Карательный батальон «Черный смерч» — так называли себя гитлеровские головорезы — был собран из штрафников. Перед ними поставили задачу: пройти по области и превратить ее в пустыню, в которой нечем было бы жить партизанам. То же самое будет сделано в каждой области Западной Белоруссии и Украины.
Уничтожив село, батальон круто менял направление, чтобы избежать партизанской засады, и потому прошла молва о его неуязвимости. Сами каратели тоже в это верили и надеялись на скорый и успешный конец операции. Ночью они «работали», а днем передвигались, потому что дороги здесь болотистые, неудобные.
Из деревни, возле которой партизаны подобрали старушку, каратели направились в Кончицы, именно туда, куда Миссюра мечтал их заманить. Между этими селами было две дороги: через болото — пять километров и в объезд, густым лесом — десять с гаком. У гитлеровцев был тяжелый груз на бричках. Сами они почти все ехали верхом на добрых, сытых лошадях. Поэтому болотом они не решились ехать и отправились лесом.

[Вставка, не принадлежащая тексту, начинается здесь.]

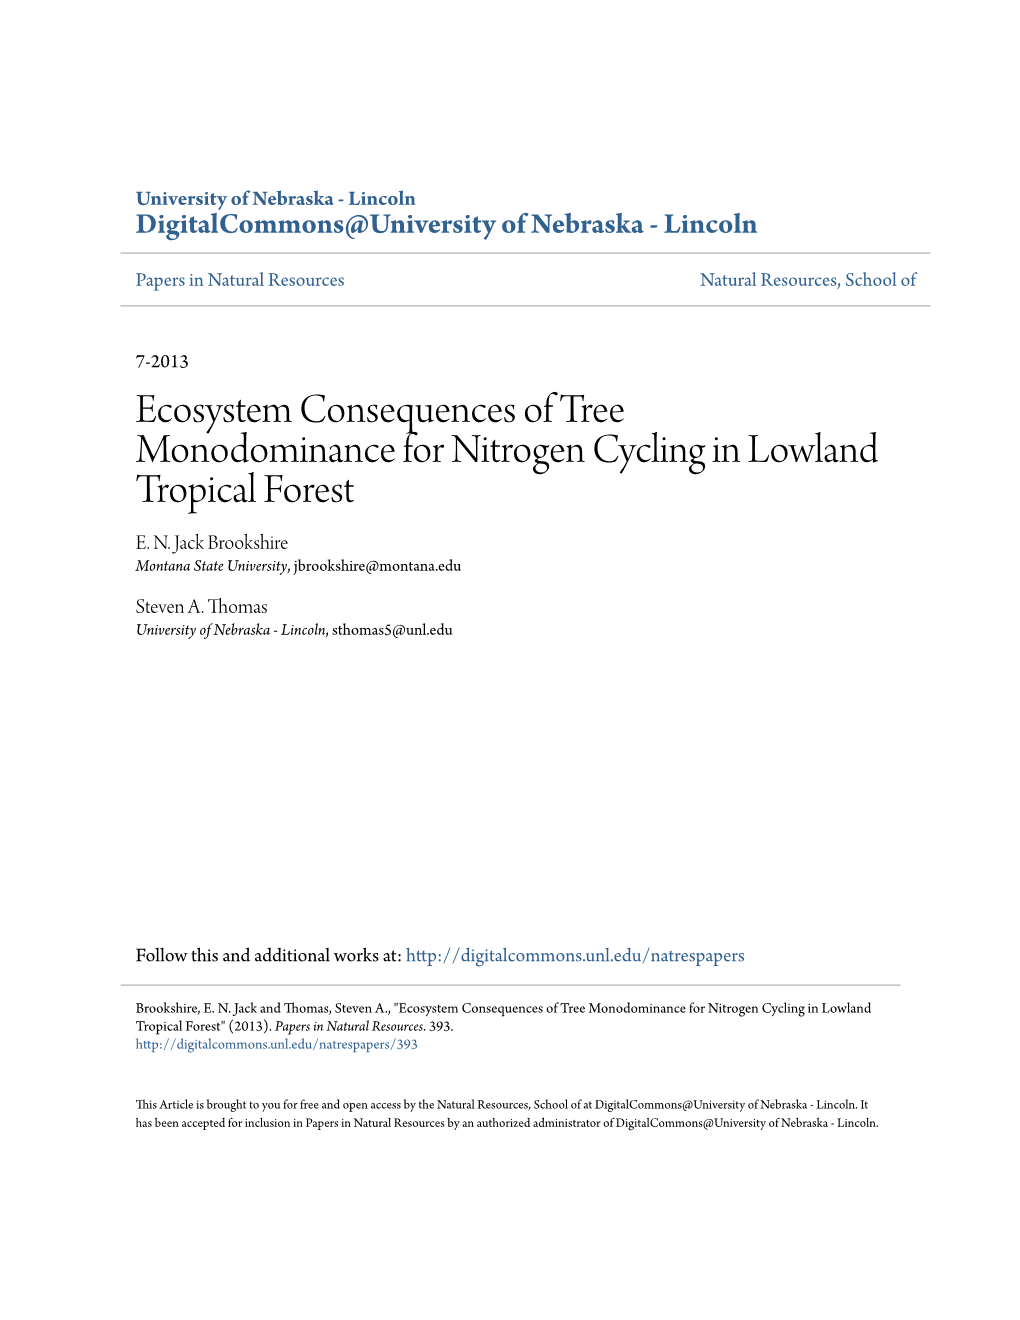 Ecosystem Consequences of Tree Monodominance for Nitrogen Cycling in Lowland Tropical Forest E
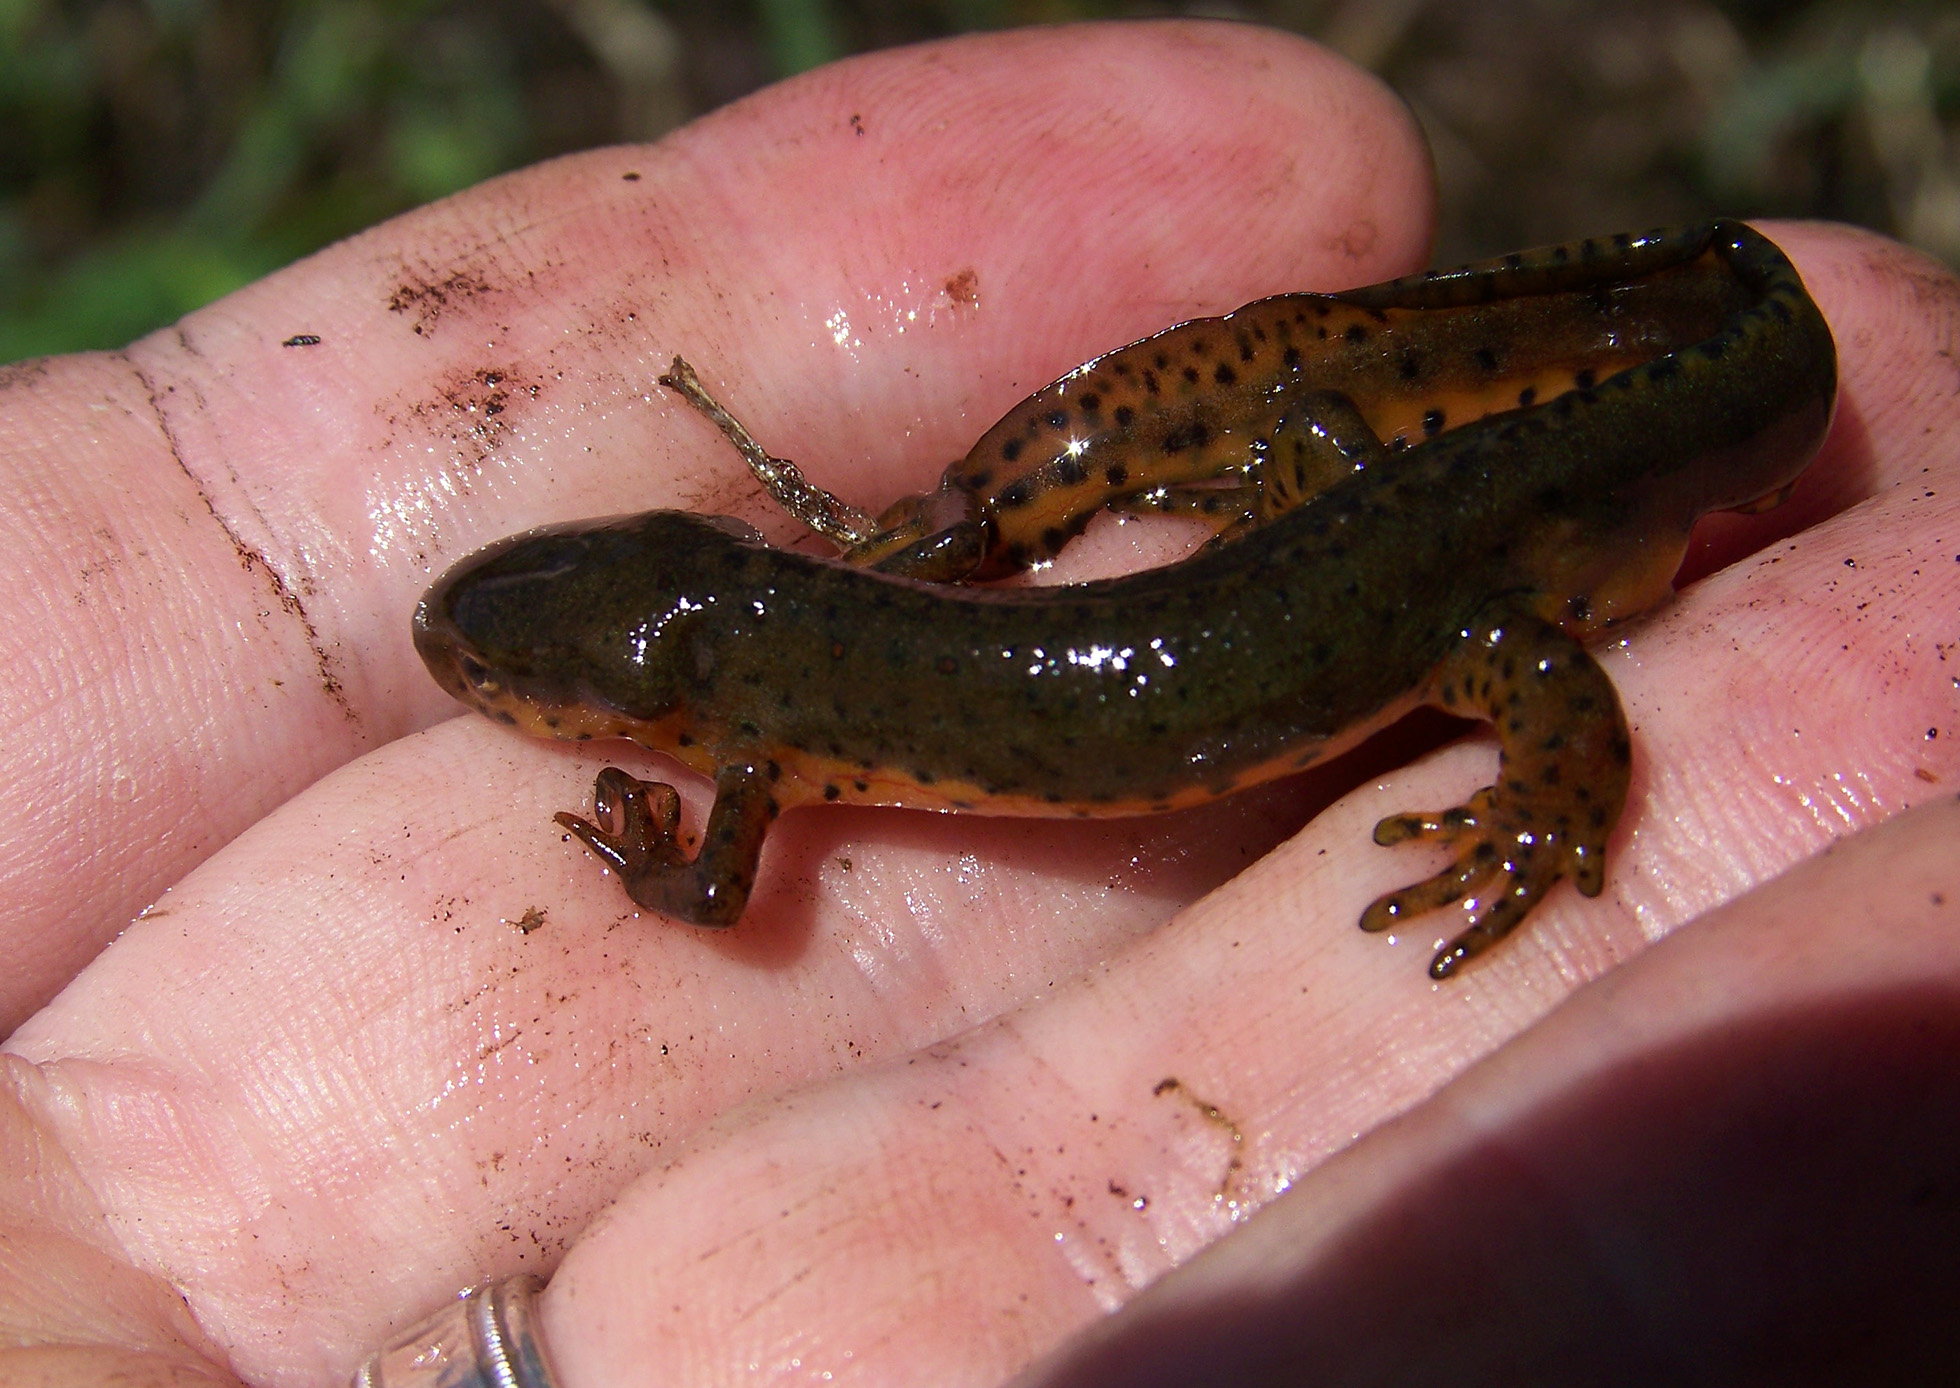 Small salamander in the palm of someone's hand
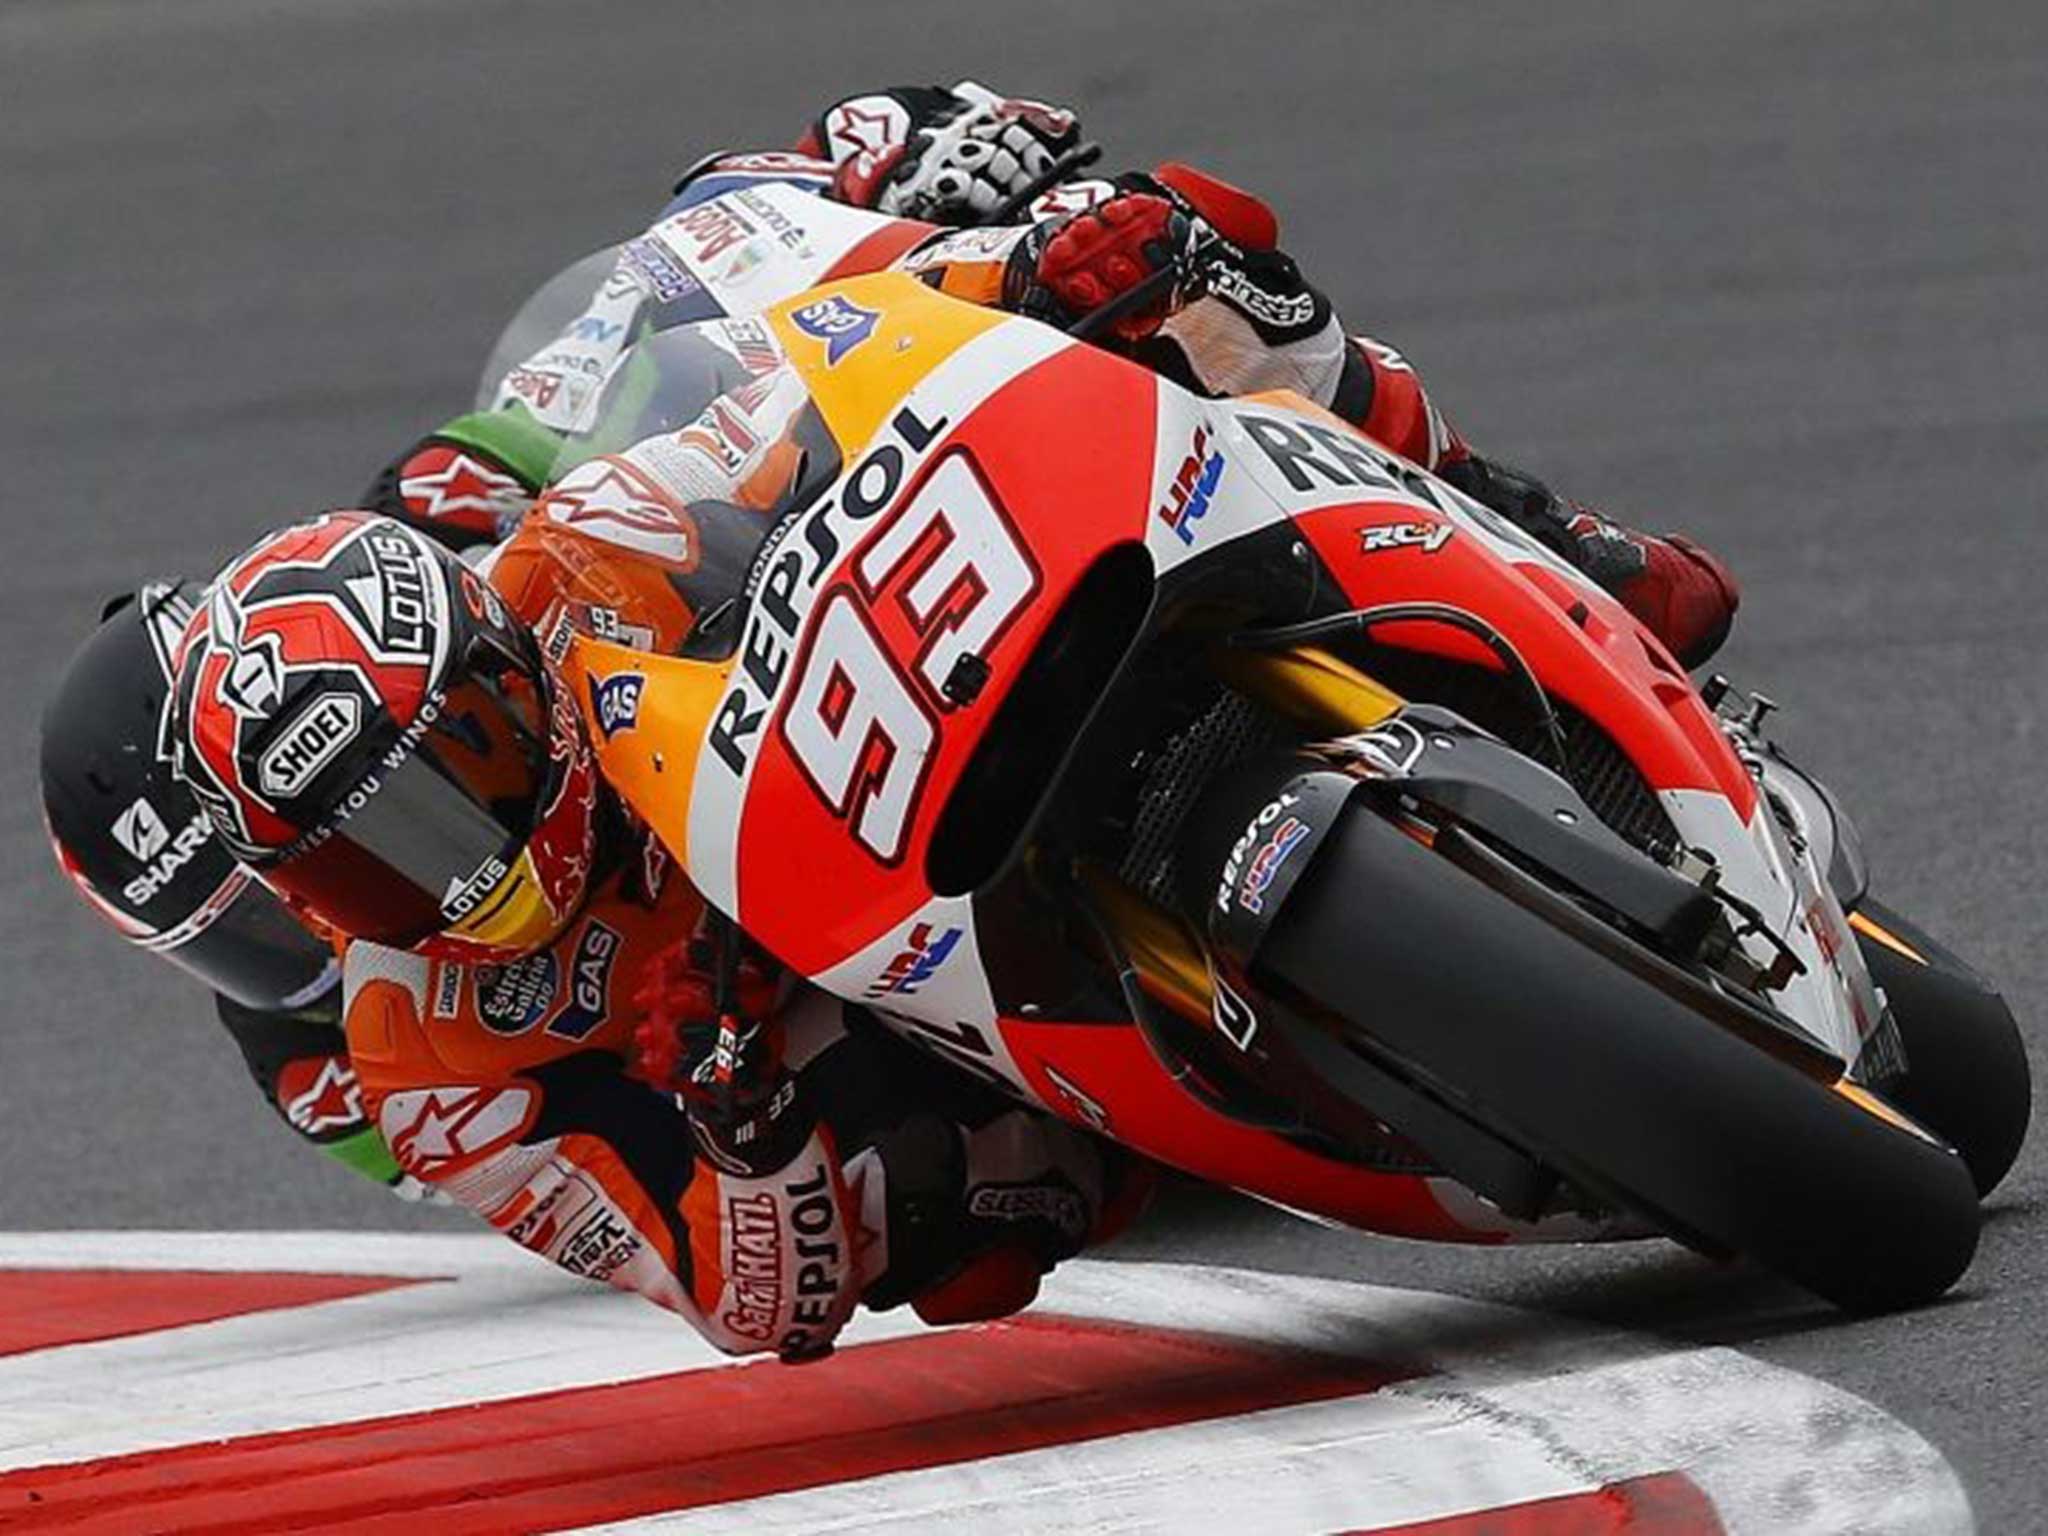 Lean time over: Marc Marquez leads Briton Scott Redding in qualifying at Silverstone after coming fourth last time

Леса в этих местах густые, старые. И только изредка встречаются прогалины, солнечные поляны. На одной такой поляне фашисты провели половину дня. Перед вечером они двинулись дальше.
Головным шел тяжелый бронетранспортер, за ним — повозки с пулеметами. Потом колоннами по трое, по четверо (как позволяла узкая лесная дорога) ехали кавалеристы с автоматами и ручными пулеметами. И в конце двигался обоз с боеприпасами и горючим для поджигания. Замыкали отряд две повозки со станковыми пулеметами, ощетинившимися назад и в стороны.
Командиру карателей Бергеру, ехавшему в бронетранспортере, не нравился хмурый, темный лес, по которому шла узкая, как тоннель, сырая дорога. Раньше, когда он бродил здесь, охотясь на диких козочек, морочанские леса казались приветливей и светлей. Но чем дальше углублялись, лес становился все нелюдимее. Казалось, что он смотрит на карателей с такой же ненавистью, как и люди.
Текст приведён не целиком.